What the task asks - Apart from the images, output the data below exactly.
** Supplied information follows **
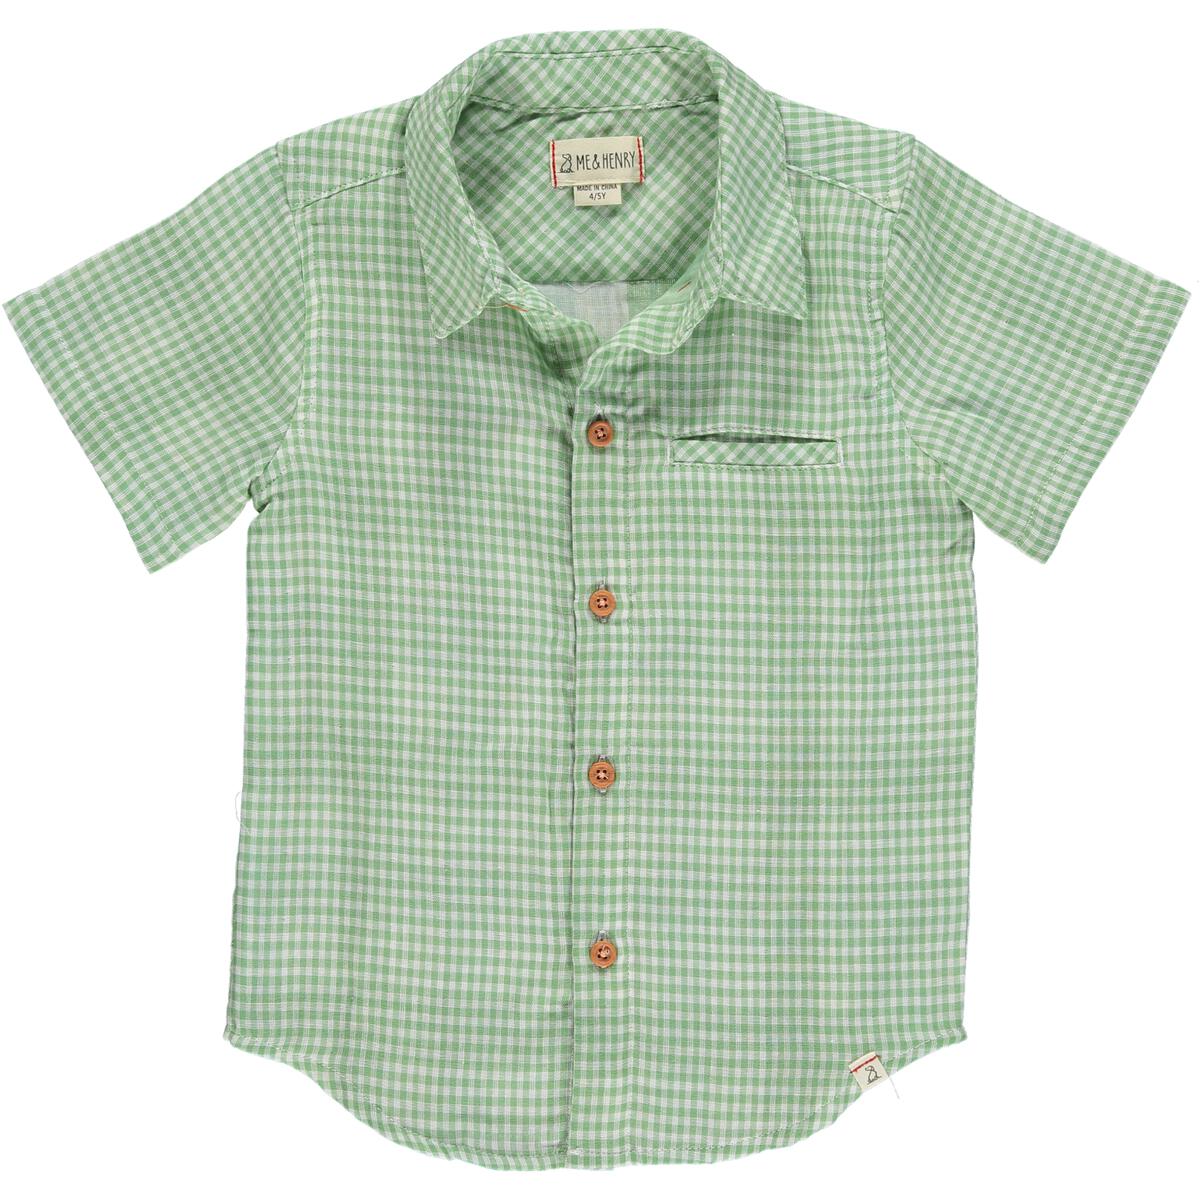 me and Henry Newport green plaid short sleeve collared shirt, short sleeve, toddler, little boy, light weight, pocket, collar, wood buttons, dressy
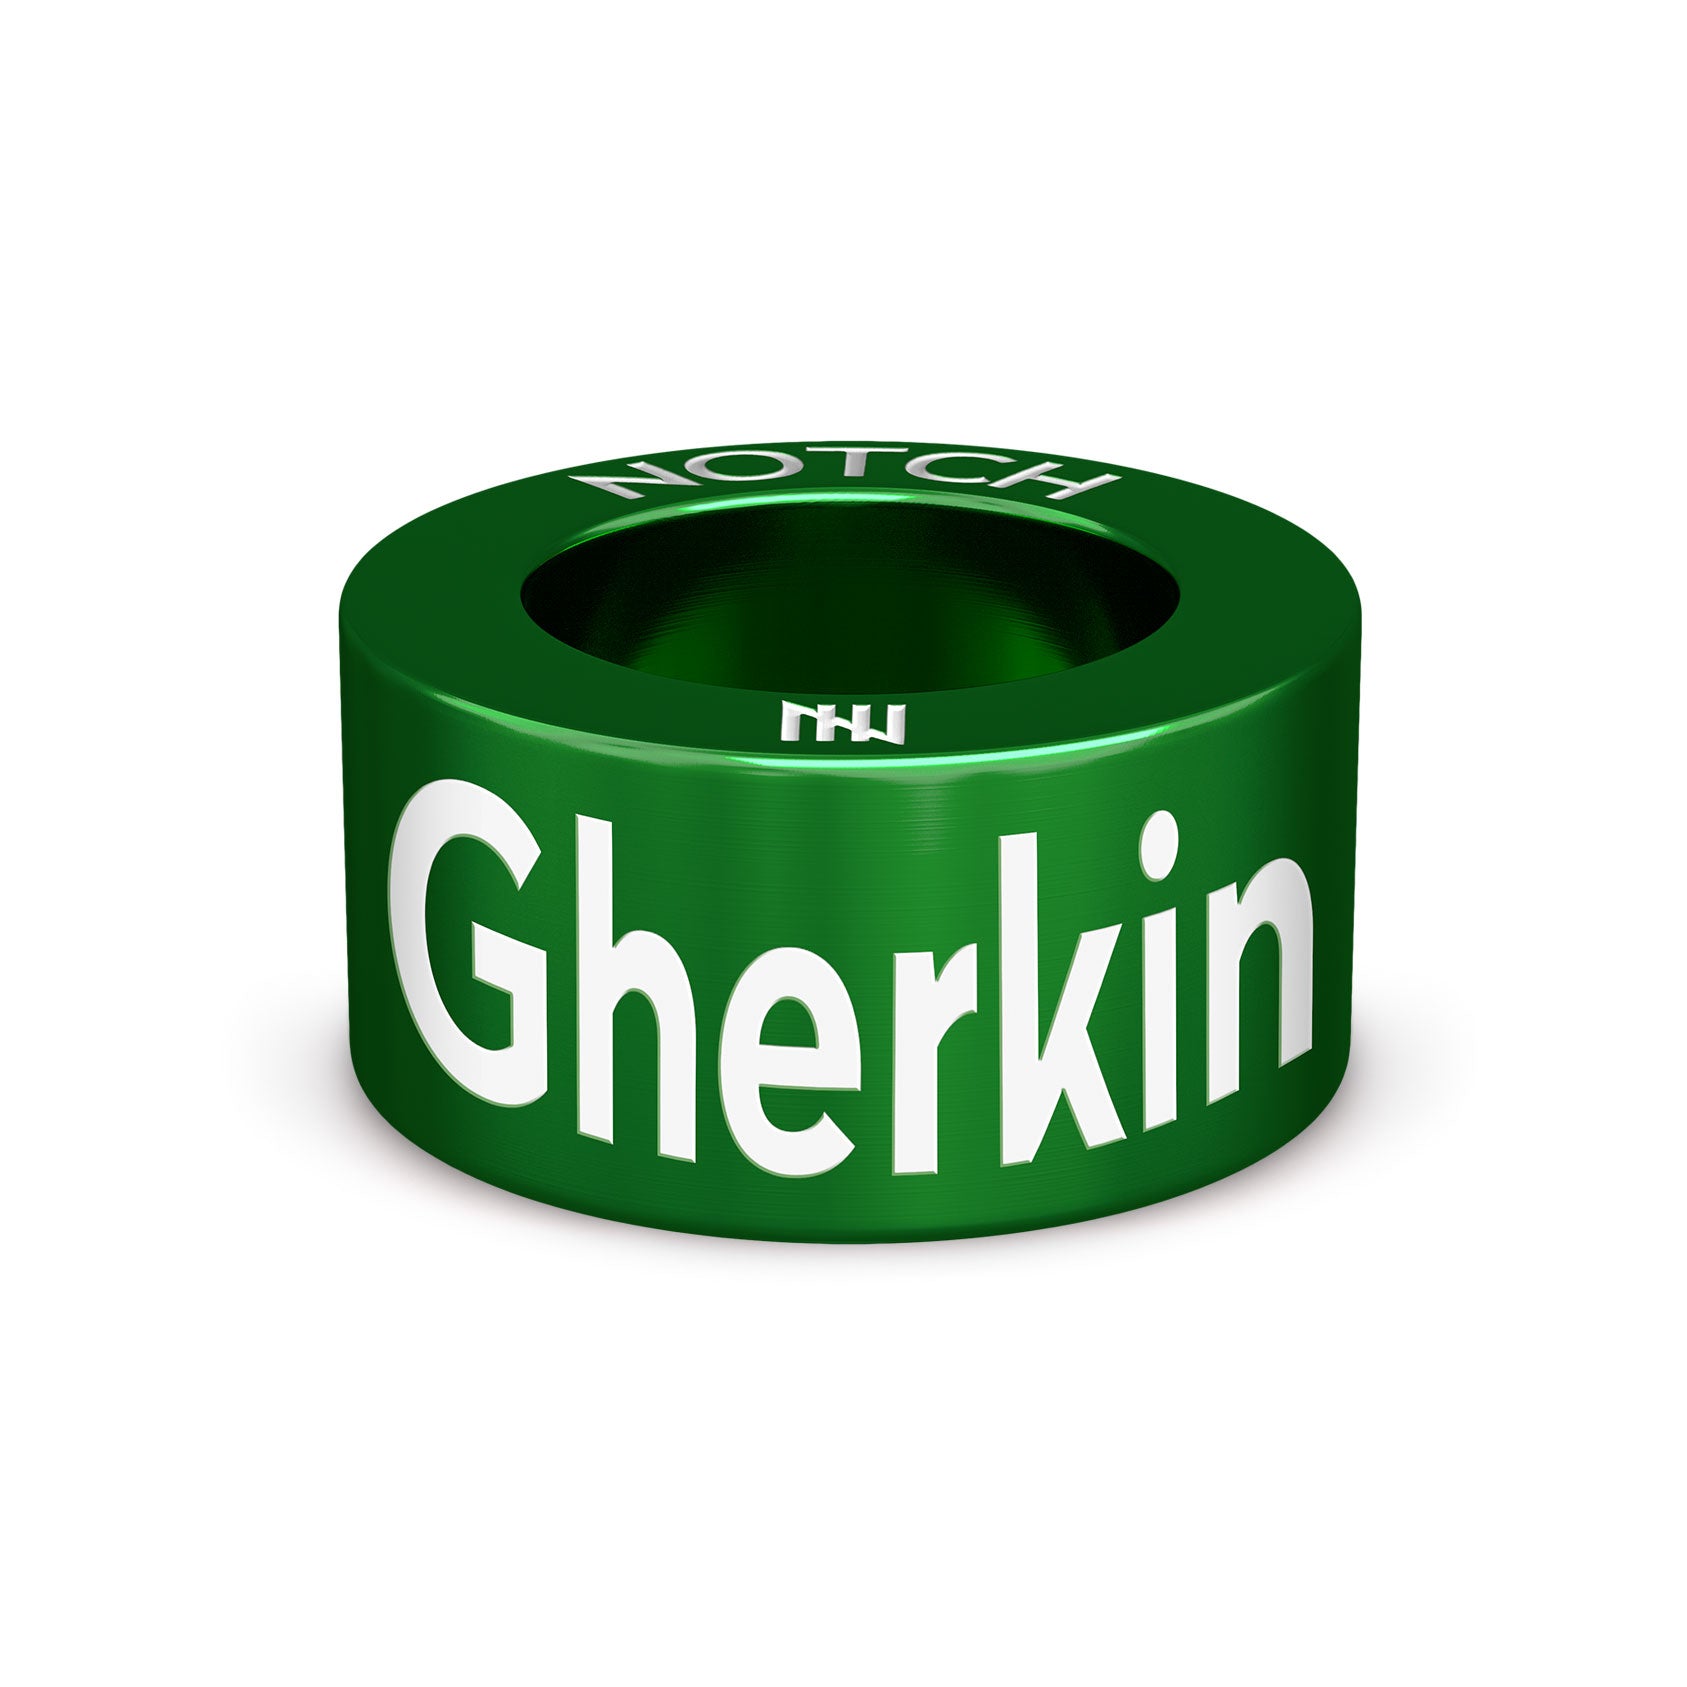 The Gherkin NOTCH Charm
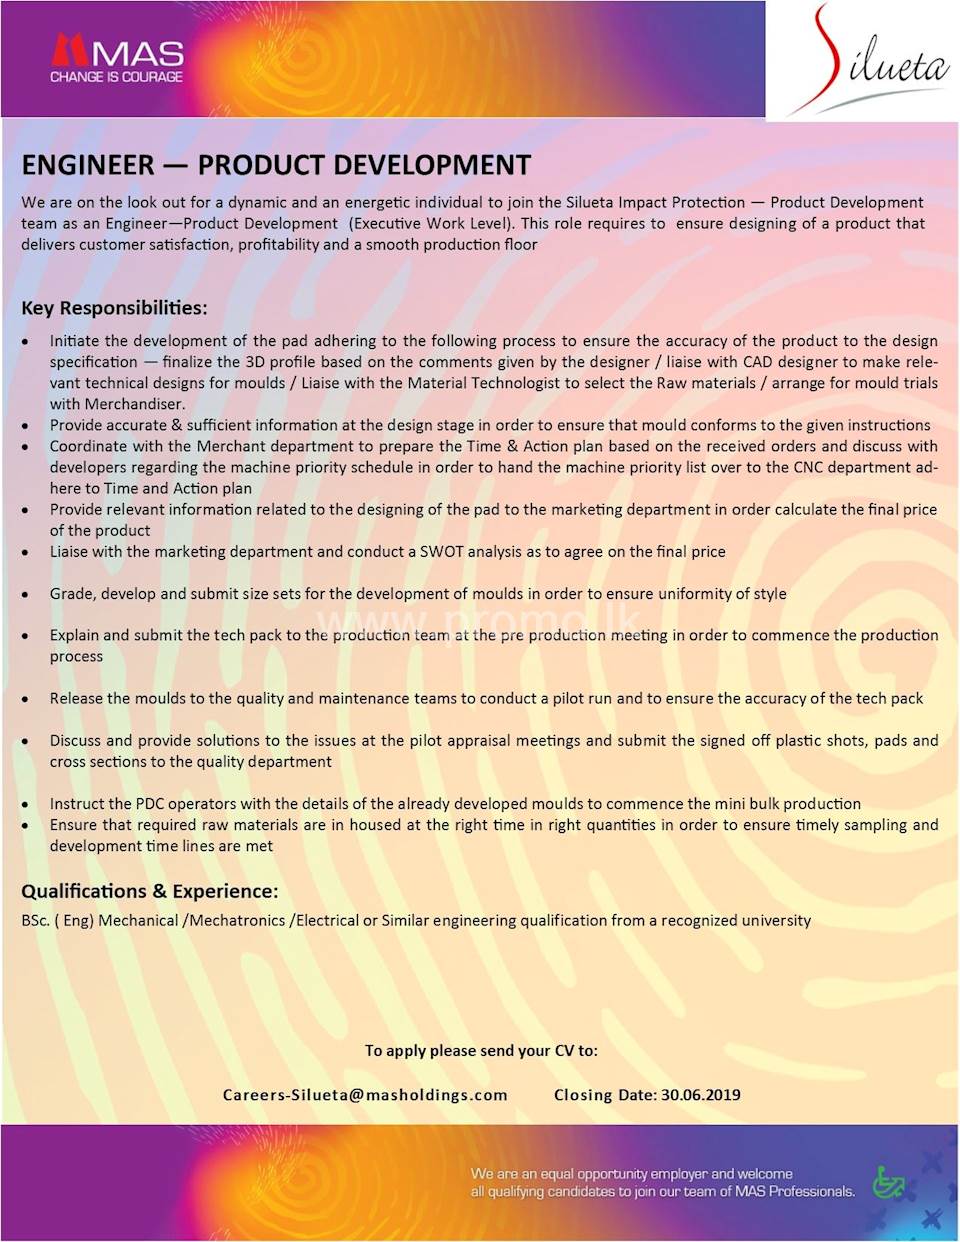 Engineer - Product Development
** End of Supplied information **
Task output -
 me and Henry Newport green plaid short sleeve collared shirt, short sleeve, toddler, little boy, light weight, pocket, collar, wood buttons, dressy
 The Gherkin NOTCH Charm
 Engineer - Product Development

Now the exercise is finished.